Limitations of this meta-analysis are those imposed by the 14 contributing studies. As previously noted, the available studies did not permit an analysis of the effect of research design on results of SNRI exposure or second- and third-trimester exposure to other antidepressants. Moreover, the studies did not afford sufficient control of the confounding effect of maternal depression, although it appears that some measure of control for depression may have been provided by psychiatric control and discordant-sibling designs. In addition, the studies did not reliably provide the data necessary to control adequately for concomitant prenatal pharmacological exposures, with only five studies controlling for exposure to other psychotropic drug classes (
28,
30–
31,
38–
39) and five studies controlling for tobacco exposure (
27–
28,
31,
38–
39).
The design implications of this meta-analysis for future observational studies using data derived from large-scale national registries and health care databases are far-reaching. While it is easy to be impressed by the voluminous sample sizes they produce, their data are primarily collected to address clinical and business demands, not to answer research questions. Thus, such databases are especially susceptible to the sources of bias known to hinder all observational designs.
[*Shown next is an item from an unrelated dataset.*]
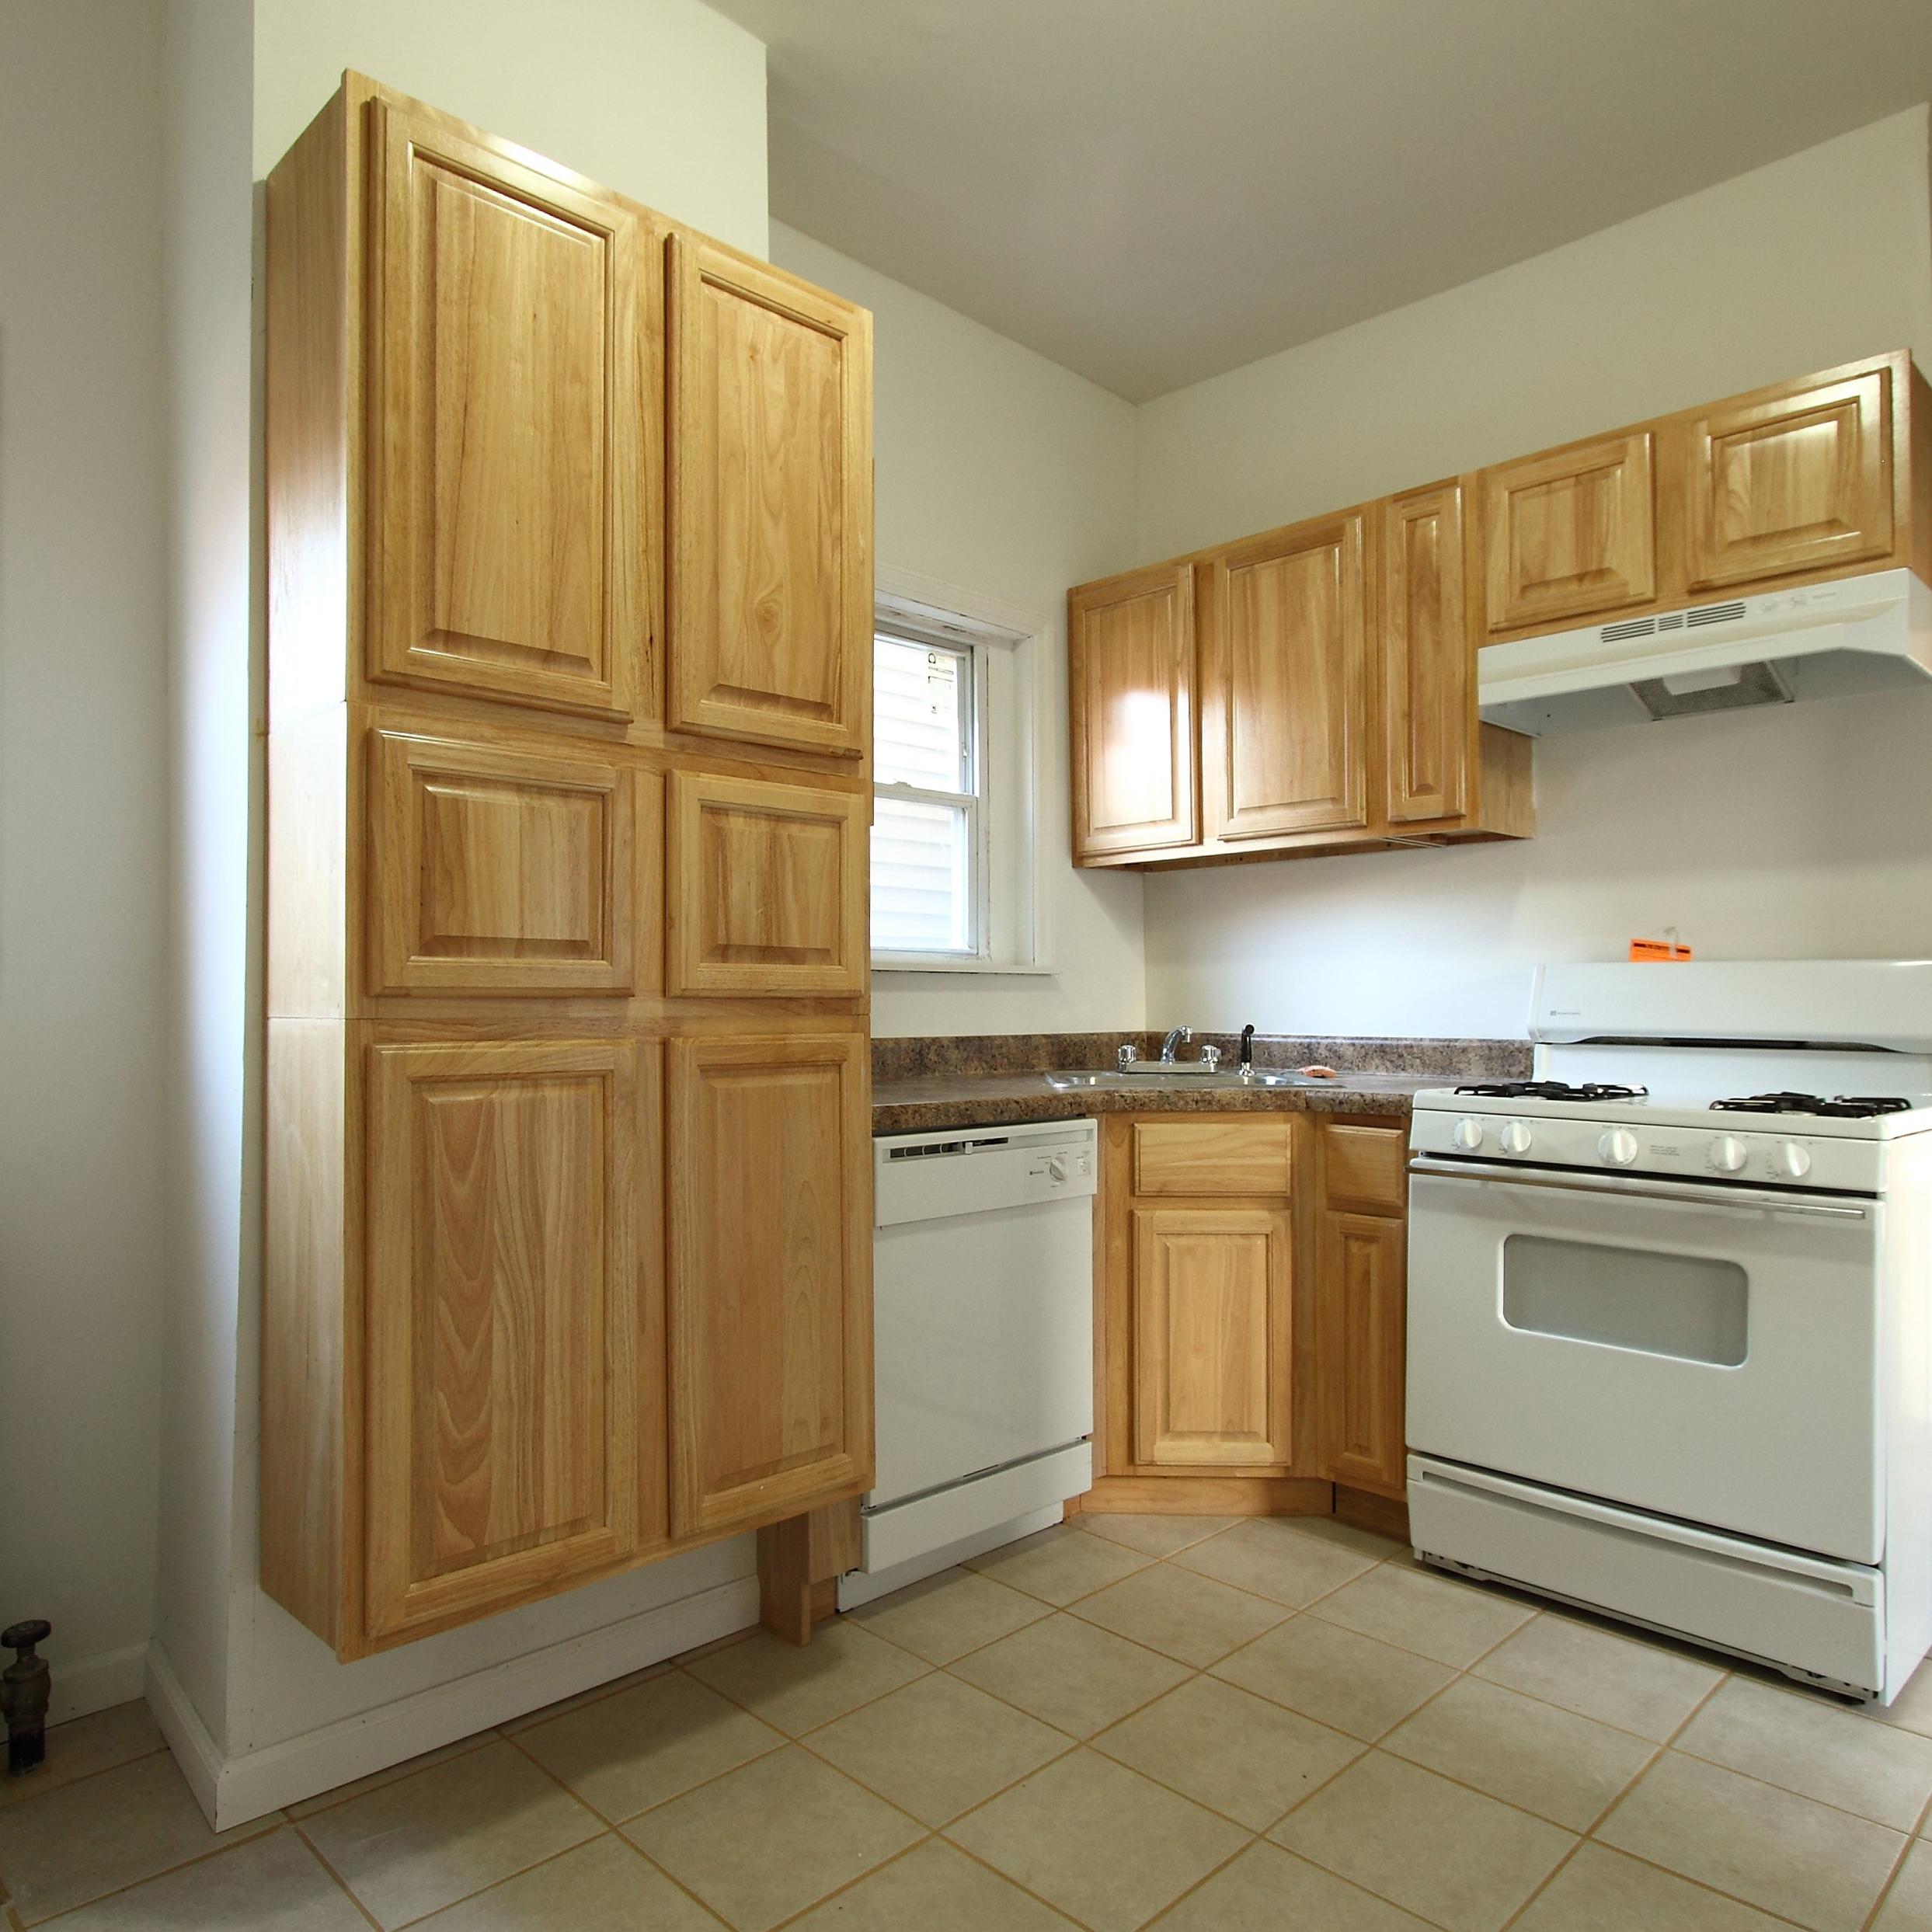 Image of property 136 Dekalb Ave, U1

Whereas the value of family-based designs in genetic association studies has long been recognized, our study highlights an additional strength of a family-based design, namely, holding constant not only genetic but also family-level environmental variables, thereby minimizing their potential for surveillance bias and residual confounding (
52). Even psychiatric control designs fail to achieve this level of rigor. These results lead us to recommend that pharmacovigilance reports of large-scale registry and database data more carefully consider sources of bias, particularly surveillance bias, and that they accordingly consider incorporating alternative designs, such as family-based discordant-sibling designs, in lieu of conventional population-based comparisons to more effectively address the potential for surveillance bias.